Wednesday, October 26, 2011

Historian Weidenkopf wows Duluth with tour of church history

Weidenkopf wows with tour of church history

By Kyle Eller
The Northern Cross

Did you know that Marie Antoinette, the famous queen of France beheaded in the French Revolution, was a devout Catholic who helped the poor and never said the words famously attributed to her: “Let them eat cake!”?

That’s just one of a flurry of tidbits those attending the sixth annual diocesan Catechetical Assembly picked up Sept. 10 from speaker Steve Weidenkopf in a whirlwind tour of church history.

Kyle Eller / The Northern Cross

Speaker Steve Weidenkopf speaks at the Sept. 10 diocesan Catechetical Assembly in Duluth.
Weidenkopf, welcomed by Bishop Paul Sirba and by Liz Hoefferle, the interim director of religious education for the diocese, is a lecturer of church history at the Notre Dame Graduate School of Christendom College in Alexandria, Virginia, as well as a popular author, speaker and father of six. Many at the presentation said they had encountered Weidenkopf’s “Epic” DVD series on church history in their parishes or elsewhere.

But the first-time visitor to Duluth began on an area of common ground besides the faith: hockey. Weidenkopf said he was glad to be in a state that appreciates hockey like his family, and happy to be in the home city of the national champion University of Minnesota Duluth Bulldogs.

“There’s a special place in heaven reserved for hockey moms,” he said.

Weidenkopf said church history “is our family history” as Catholics and that the proper way to approach it is through storytelling — narrative — not merely a series of names and dates. He said the purpose of studying church history and teaching it is to know Christ, the center of history, and to build Catholic identity and defend the faith.

He illustrated that narrative approach on a rapid tour of church history, divided into 12 periods beginning with the very earliest “mustard seed” of faith with Pentecost and Paul’s missionary journeys, moving through the persecutions, controversies, councils, crusades, the Catholic Reformation, world wars, the Second Vatican Council, the “Threshold of Hope,” and the papacies of Blessed John Paul II and Pope Benedict XVI.

Weidenkopf told stories for most of the 12 periods of church history he identified — often stories at once familiar and alien because they are so often misrepresented in popular culture and even news reporting.

For instance, Weidenkopf said the story of the crusades is one that is often presented in a very negative light, including in a movie he described as “Osama bin Laden’s version of history,” but really, he said, there are many myths about them, and over the past 40 years there has been a flowering of new scholarship that has changed our understanding of them. “The downside of that is it’s only happening in academia,” he said.

He went on to argue that the crusades were not wars of unprovoked aggression waged for booty and plunder but defensive wars waged, the individual testimonies say, out of love for Christ and the church and concern for their salvation.

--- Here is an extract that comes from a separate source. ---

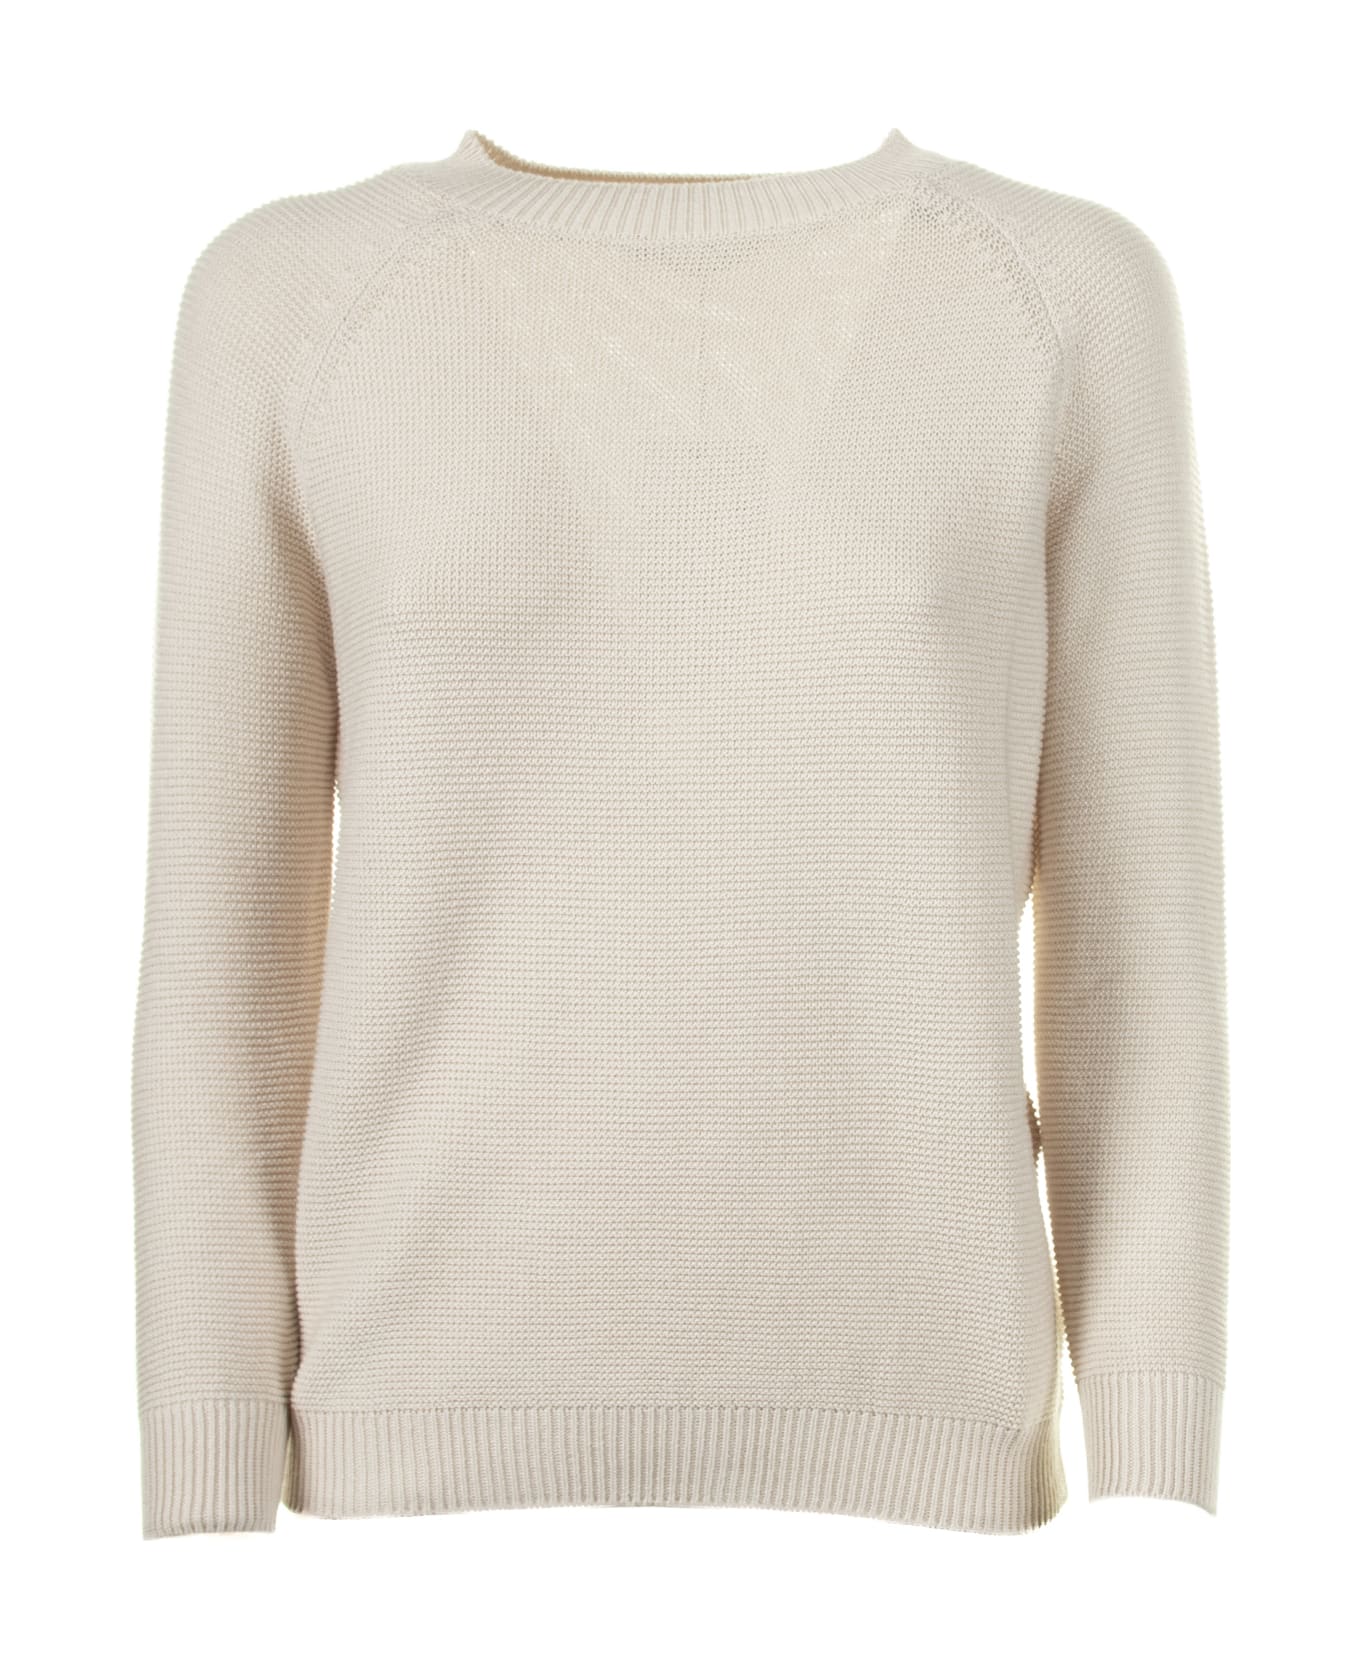 Weekend Max Mara Soft White Cotton Sweater - AVORIO

Some stories might be less familiar, such as the Christmas tree originating with St. Boniface and his miraculous felling of the “thunder oak of Thor” in what is now Germany, or the derivation of the word “diocese” from the name of the Roman Emperor Diocletian, who organized the Roman Empire into regions named dioceses.

The day of lectures was punctuated with critiques of myths floated by authors like Dan Brown and suggestions for reading of Catholic writers like Hillaire Belloc.

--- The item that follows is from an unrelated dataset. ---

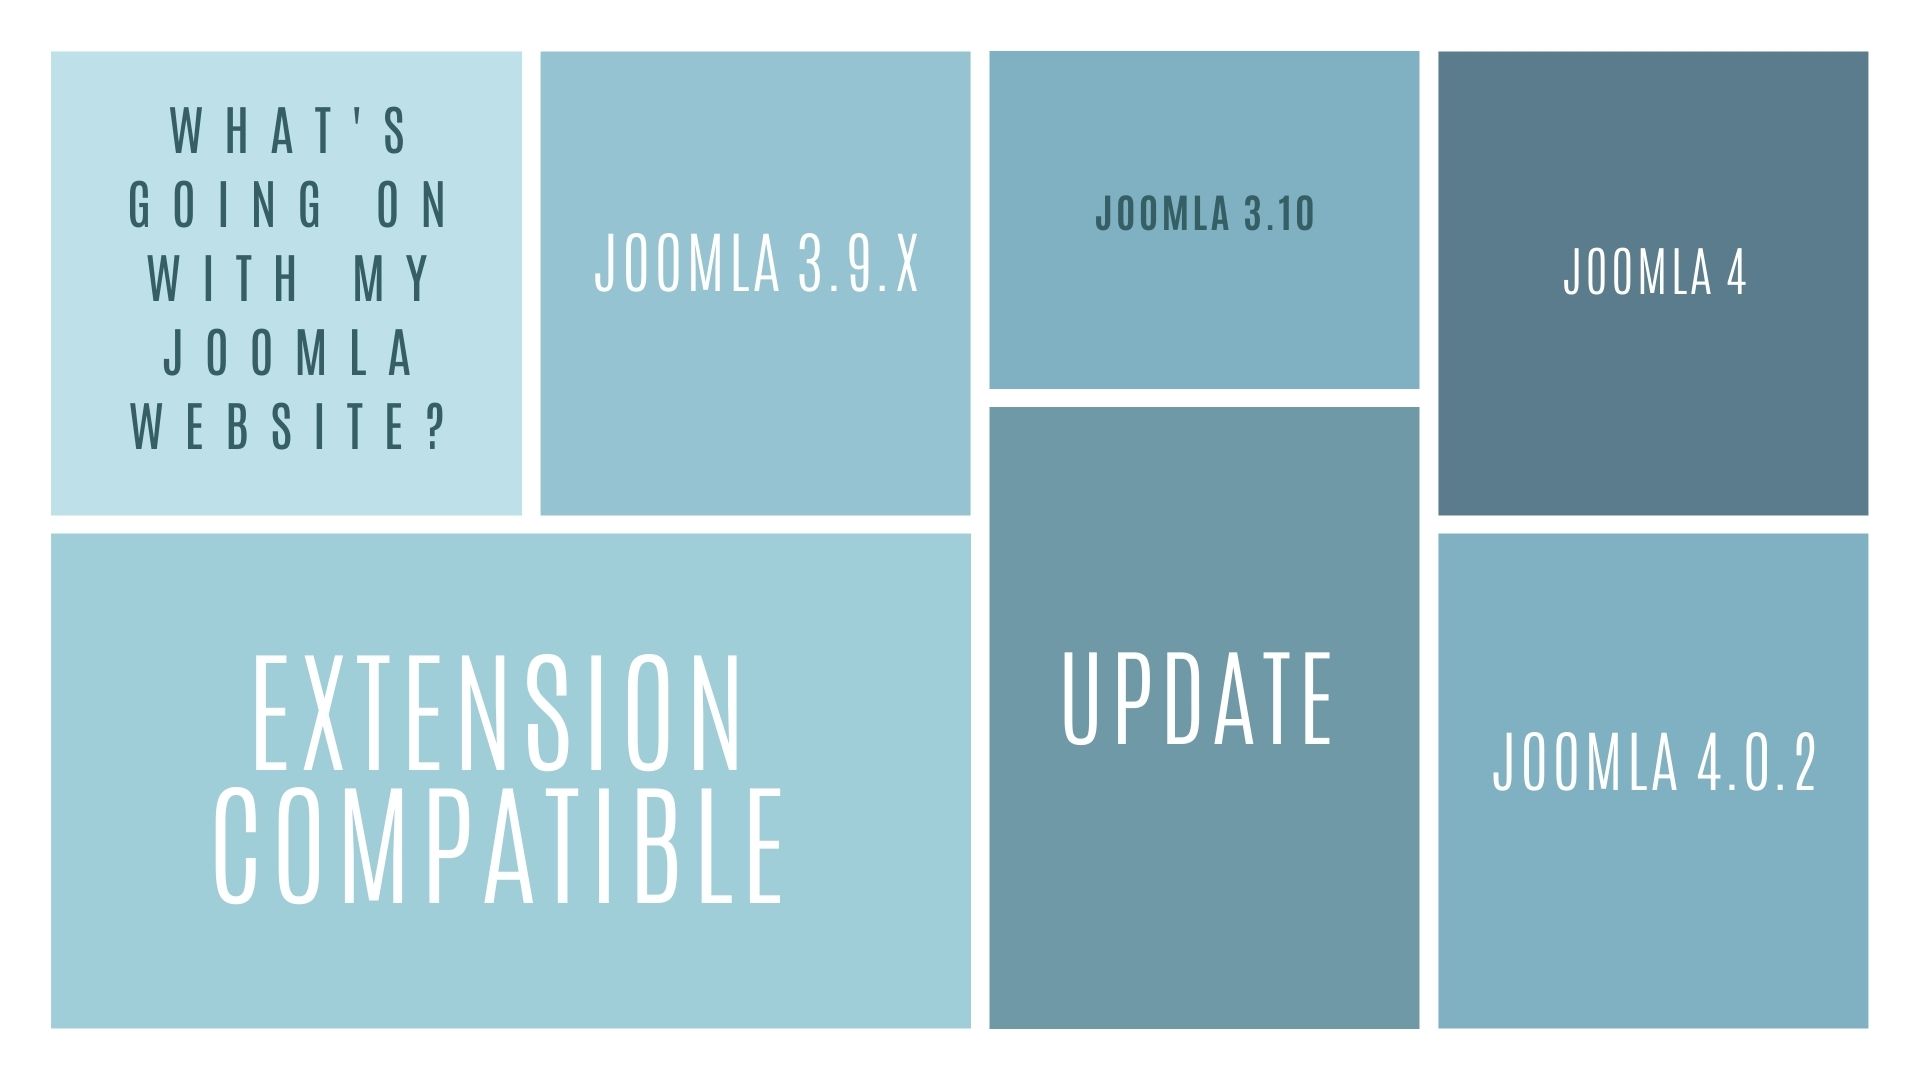 Joomla 3.10.x and Joomla 4 release, what's going on with your Joomla websites?

Often the stories were also put in a modern context, as when Weidenkopf pointed out the philosophy of Roman persecutors that man is sufficient to himself and all belief is mere opinion — attitudes that are also very contemporary. “I think we can take solace in that because we can see the church has been dealing with this for a long time,” he said.

John “Teep” Schlachter, principal of Assumption School in Hibbing, said he was impressed with the presentation and that it is the sort of thing he and friends in Washington, D.C., where he lived prior to taking the job in Hibbing, used to talk about at dinner. “This is in my wheelhouse,” he said.

He compared the approach to the Catholic writer J.R.R. Tolkein. “That’s Tolkein’s view of history, that it’s a narrative, as [Weidenkopf] explained,” Schlachter said. He said about 80 percent of the faculty was at the assembly and that he thought the presentation was highly educational. Hoefferle also remarked on the importance of seeing church history as our own story.

She said she saw a lot of catechetical leaders in attendance and gave an estimated attendance of 140 to 150, comparable to last year’s event. “This is kind of our big event of the year,” she said.

Bishop Sirba had noted some were in attendance from outside the Duluth diocese as well.

Weidenkopf closed his presentation asking those in attendance to put their work at the service of the new evangelization initiated in that “Threshold of Hope” phase of church history we occupy. “The church needs great catechists,” he said.